When did this happen?! When I went back to San Diego last fall for a friend's wedding I almost missed my flight out of here because I couldn't find my St. Christopher medal. I'm not even religious, I just need to chew on it during take off or the plane will skid off the runway in flames. I even have St. Christopher tattooed on my arm, but I will not set foot on an airplane or train or boat or zeppelin or hot air balloon or bicycle without that medal. It sounds silly when I say it. I can't fly without that medal, Roan! Now help me look for it or I'm not going! Or I will go without it and you'll feel really bad that you didn't help me look for it when you're at my FUNERAL! So for the next month, that medal does not leave my neck. I have a ticket to Boston to see my friends there for the first time in two years and I refuse to let myself reach critical bat shit crazy levels about the flights there and back. I'm focusing on my time there.

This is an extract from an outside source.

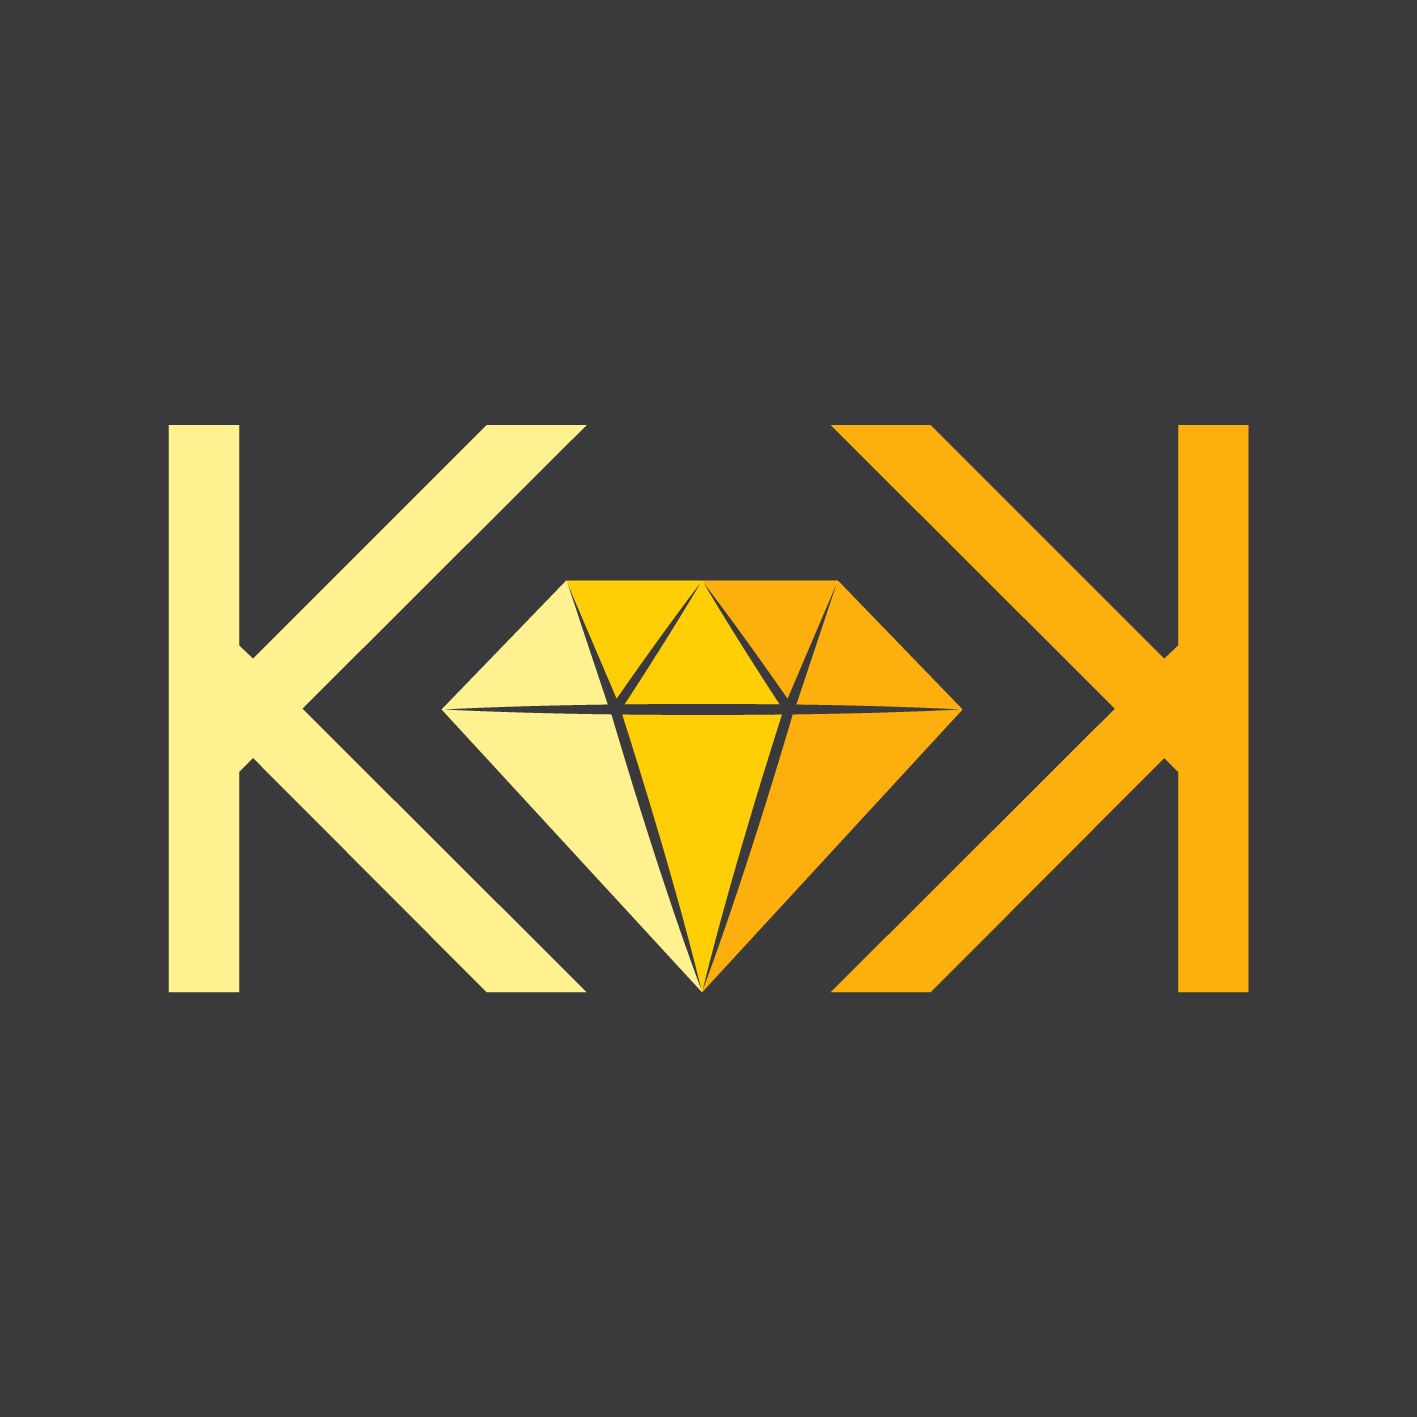 Разработка логотипа фото f_864598ae309d04f6.jpg
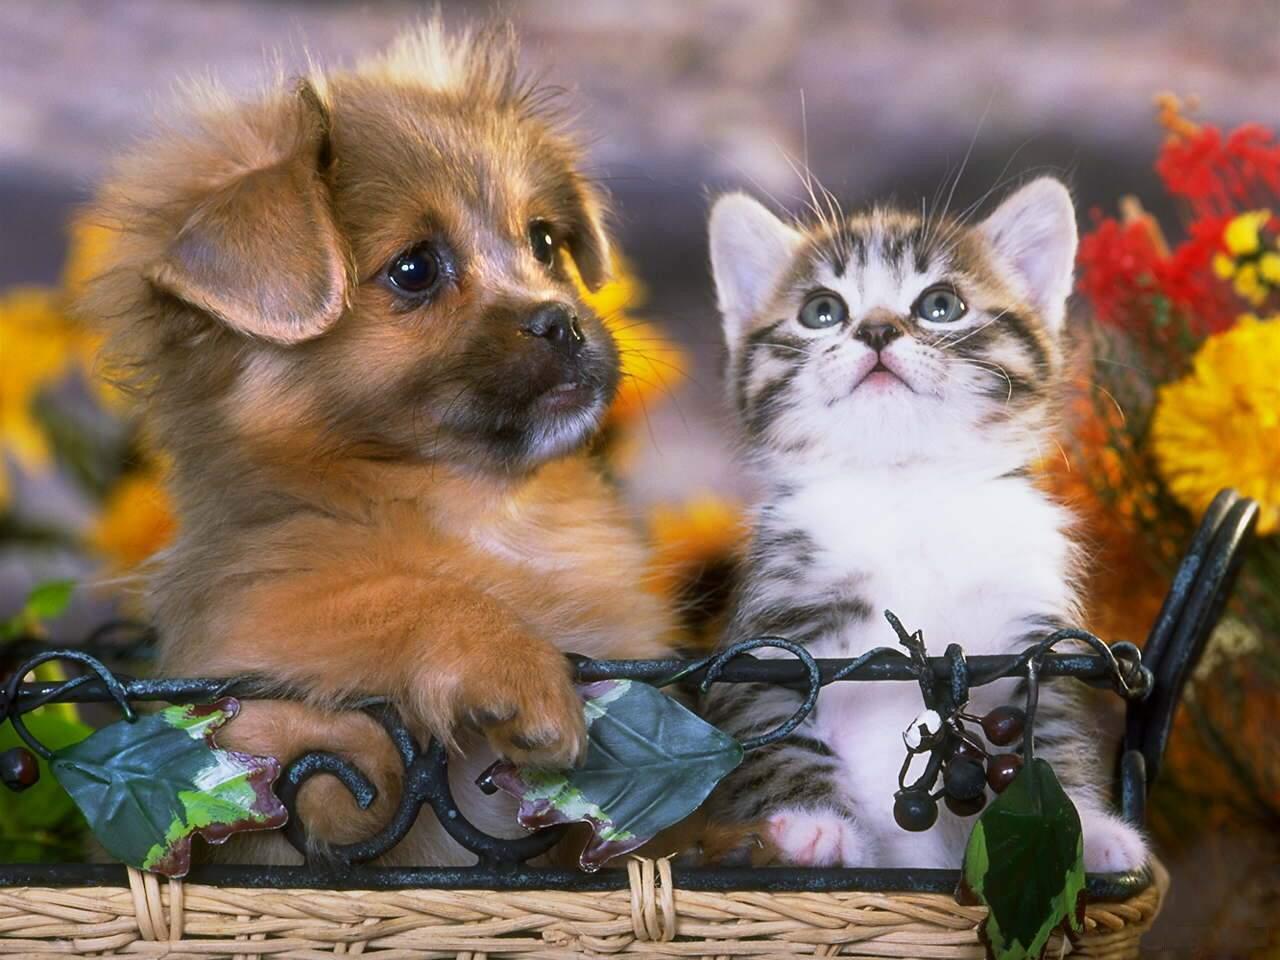 открытка с милыми животными она

These are the people that welcomed me to a city I moved to on a whim, where I knew not a single soul. They made my time there hilarious and unforgettable and full of music and laughter and love and flaming bowls of 10 kinds of booze (omg Chinatown!) and $10 manicures and they made me feel at home in a city where the walls of the people are hard to get through. People like them are the reason I started traveling in the first place. I won't let a stupid fear of a stupid airplane falling out of the stupid sky ruin this for me. I won't I won't I won't. So move over, future new best friend at the airport bar, the first round is on me. I've got a long flight.